Les ressources naturelles matérielles sont appropriables et exploitables en tant qu’actifs économiques et donc comptabilisées, tandis que les écosystèmes sont à la fois des actifs détenus et des biens publics. D’un point de vue économique, les biens publics sont considérés comme des externalités. En réalité, le capital écologique contient des éléments qui devraient être considérés comme des biens publics (c’est-à-dire non privés) : les fonctions des écosystèmes et les services dérivés qui fournissent les ressources nécessaires renferment des coûts cachés qui reflètent la consommation de biens matériels. La divulgation de ces coûts permettrait de révéler la dépréciation des actifs (comme dans la comptabilité des entreprises) et la consommation de capital fixe (comme dans la comptabilité nationale). Ainsi, la dégradation des systèmes naturels résultant de l’activité économique correspond à un défaut non reflété dans les résultats comptables (Weber, 2018 ; Dasgupta, 2021). Par conséquent, les coûts réels ne sont pas calculés. Cela contraste avec le PIB où la consommation de capital fixe est soustraite pour mesurer la valeur ajoutée nette.

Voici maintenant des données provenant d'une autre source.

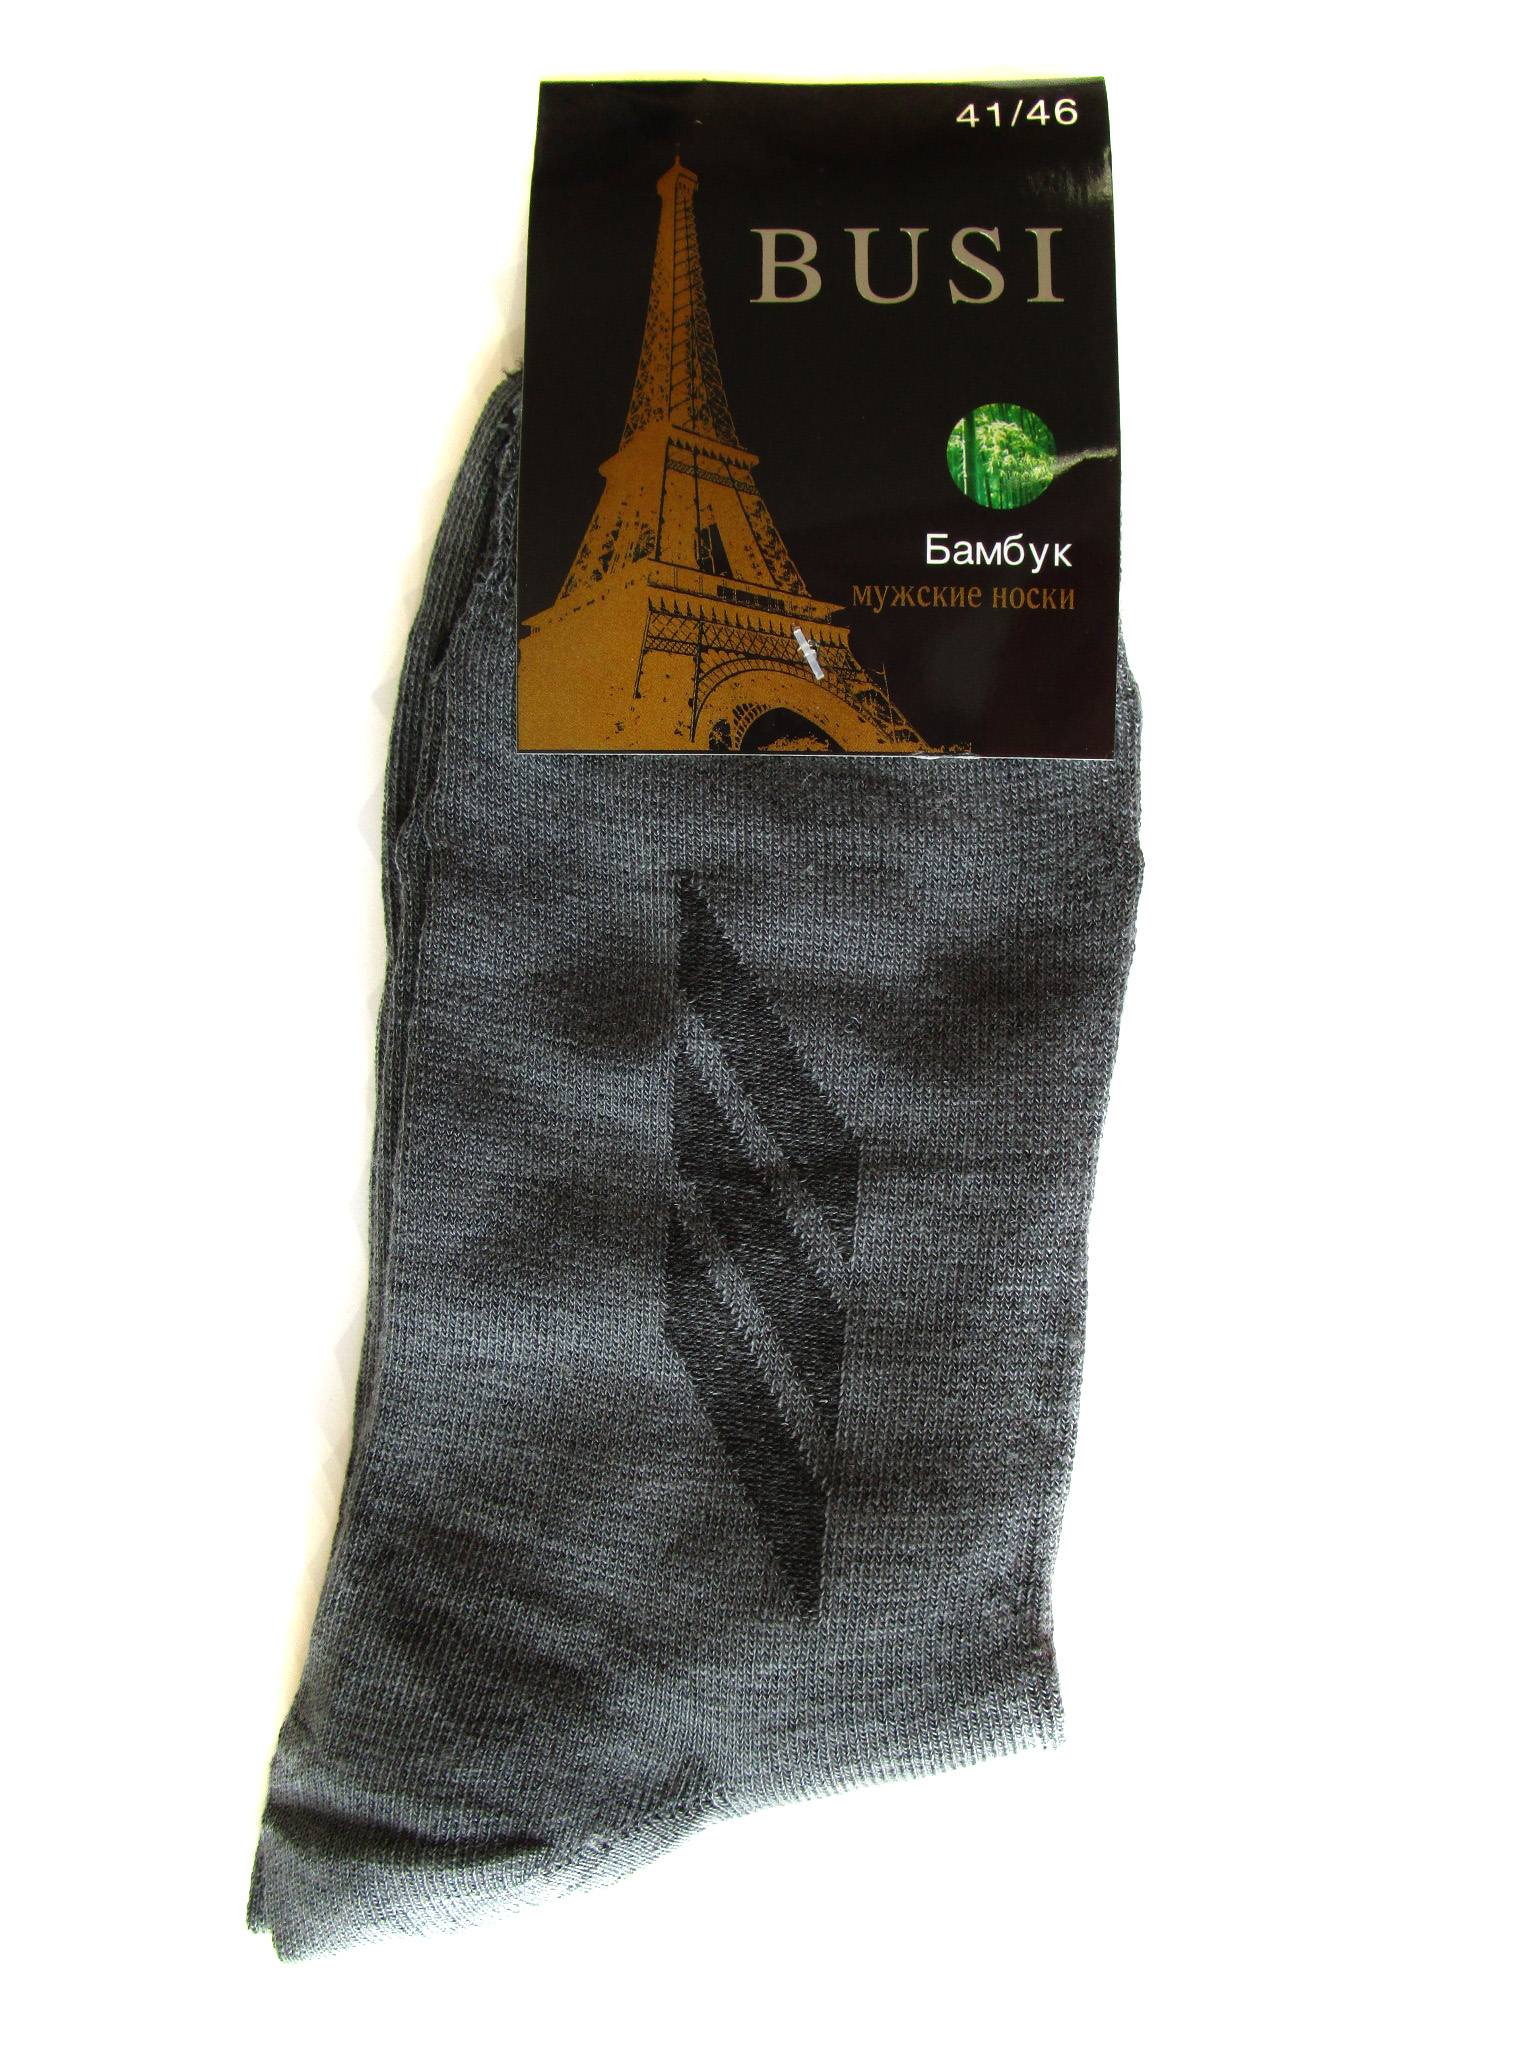 Мужские носки "Busi" (арт.5101)
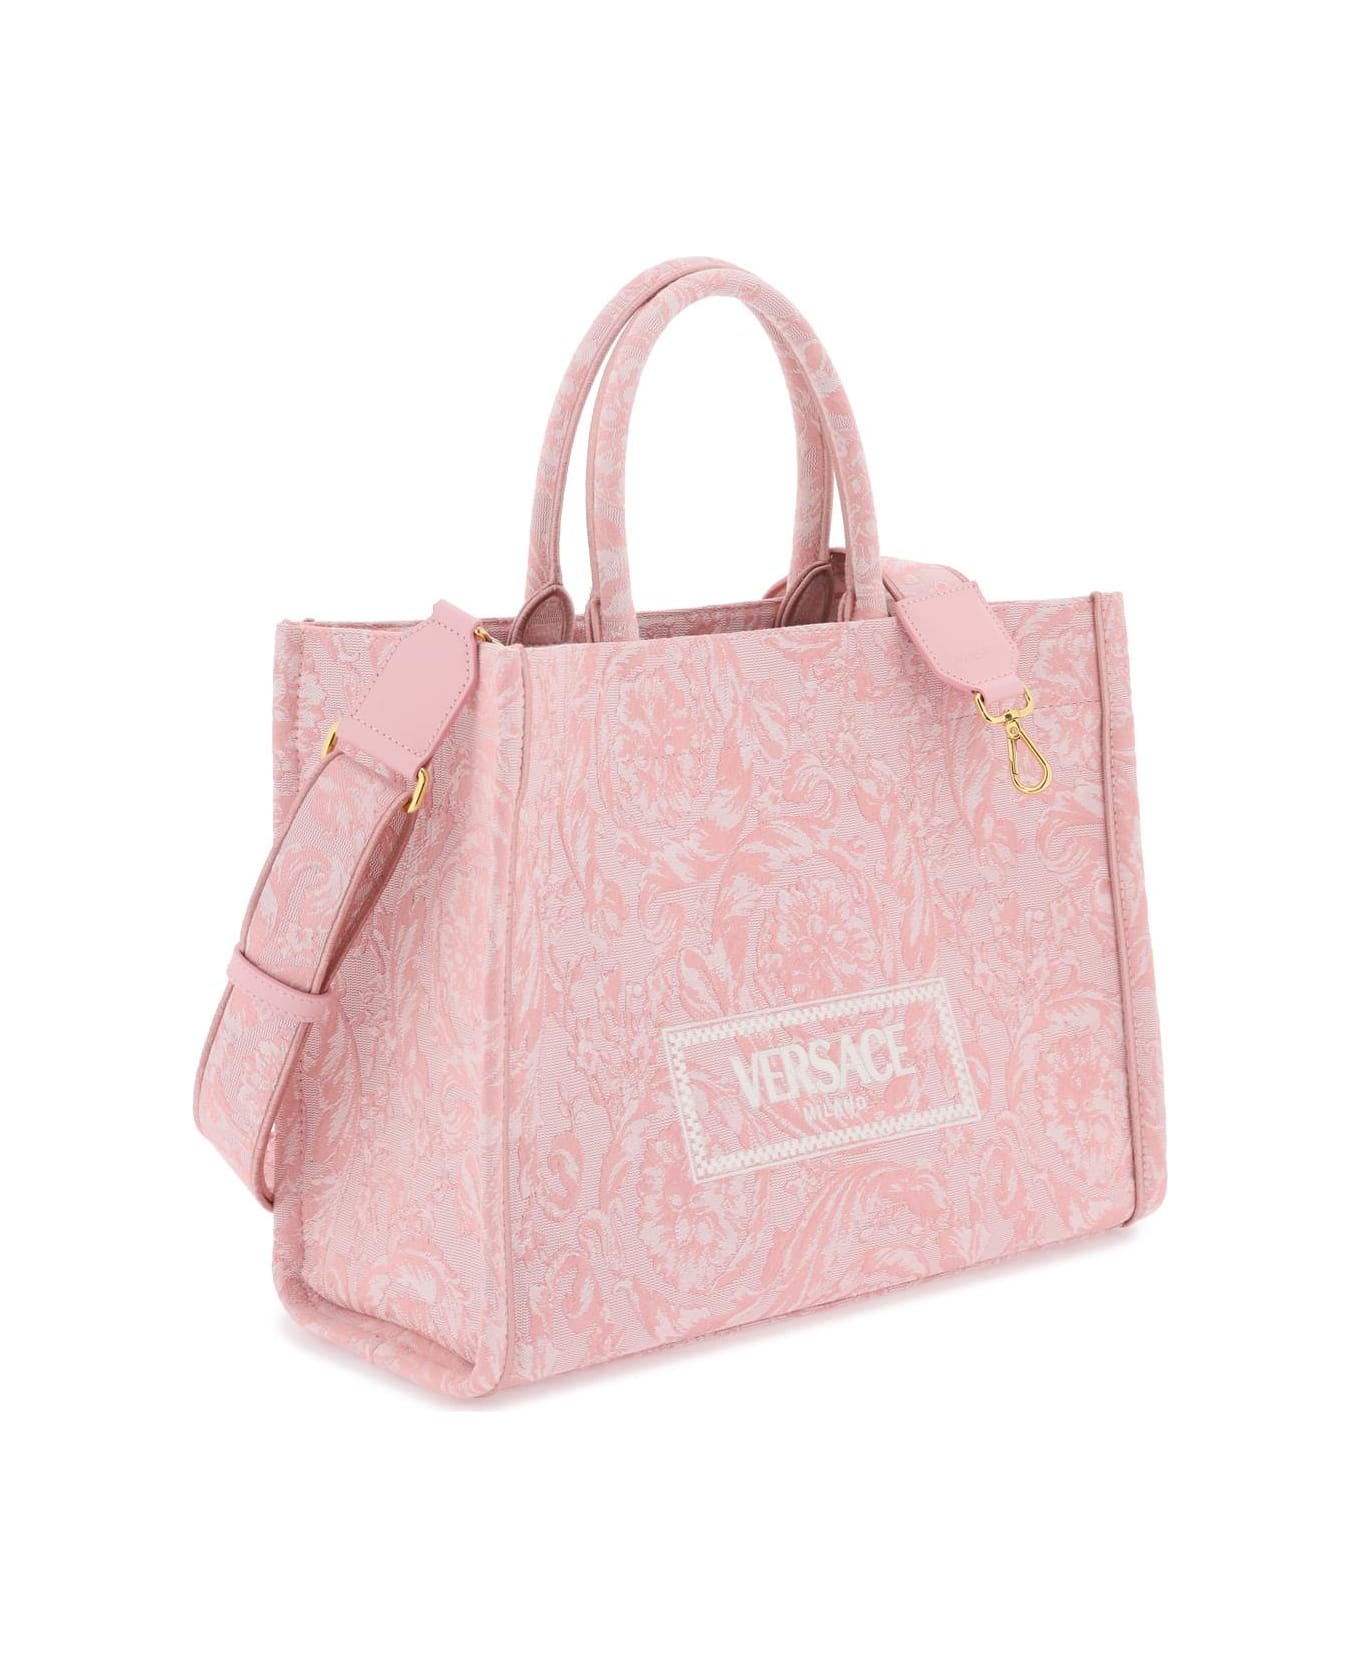 Versace Athena Handbag - Pale Pink-english Rose-ve

Le même raisonnement peut s’appliquer au capital humain / social. Il en résulte un double dumping : social et écologique.
La profusion d’instruments d’évaluation au cours des dernières décennies proposant des indicateurs environnementaux et sociaux a constitué la réponse à ces préoccupations : plus de 900 indicateurs "au-delà du PIB" et 210 indicateurs ODD (Objectifs de Développement Durable) ont été développés (IISD, 2021 ; Vardon et al, 2021). Ils restent largement déconnectés ou insuffisamment intégrés, étant sporadiquement utilisés par les gouvernements. Les initiatives visant à promouvoir des cadres cohérents d’indicateurs pour le capital naturel ont été examinées (Fairbrass et al, 2020). Par exemple, le PBE (Produit Brut des Ecosystèmes) a été conçu comme une mesure de la valeur monétaire agrégée des biens et services liés aux écosystèmes.

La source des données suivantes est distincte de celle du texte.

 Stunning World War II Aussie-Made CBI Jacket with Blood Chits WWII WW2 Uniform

Mais force est de constater que les institutions internationales, qui ont engagé des financements considérables sur le sujet (par exemple, les différents organisations et projets ODD des Nations Unies, le PNUE, la Commission et l’Agence de l’Environnement au niveau européen, l’Office International de statistique et ses interfaces avec l’OCDE), se livrent une bataille sans fin pour tenter d’imposer leurs instruments d’évaluation aux pays membres, qui à leur tour prennent des initiatives disparates à ce sujet. En un mot, rien ne va dans le bon sens.

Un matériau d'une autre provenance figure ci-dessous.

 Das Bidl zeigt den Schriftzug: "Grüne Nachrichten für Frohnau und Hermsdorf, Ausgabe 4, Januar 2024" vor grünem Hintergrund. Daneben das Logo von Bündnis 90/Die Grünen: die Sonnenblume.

La démarche socio-écologique par la santé commune et les ressources proposée ici prolonge l’incitation d’Eloï Laurent (2018) : Et si la santé guidait le monde ?
La santé commune a toutes les qualités pour faire un instrument de diagnostic et d’arbitrage qui a comme but de mettre la gouvernance par la loi et la gestion par les nombres (Supiot, 2015) au service de l’ajustement, donc de l’adéquation entre, des besoins fondamentaux des populations et des ressources accessibles. Cela doit permettre l’amortissement du capital social et écologique consommé à l’aide d’indicateurs pouvant servir à la fois une gouvernance hiérarchique et des processus décentralisés, horizontaux. Ainsi, il est préconisé d’utiliser les catégories d’indicateurs suivants.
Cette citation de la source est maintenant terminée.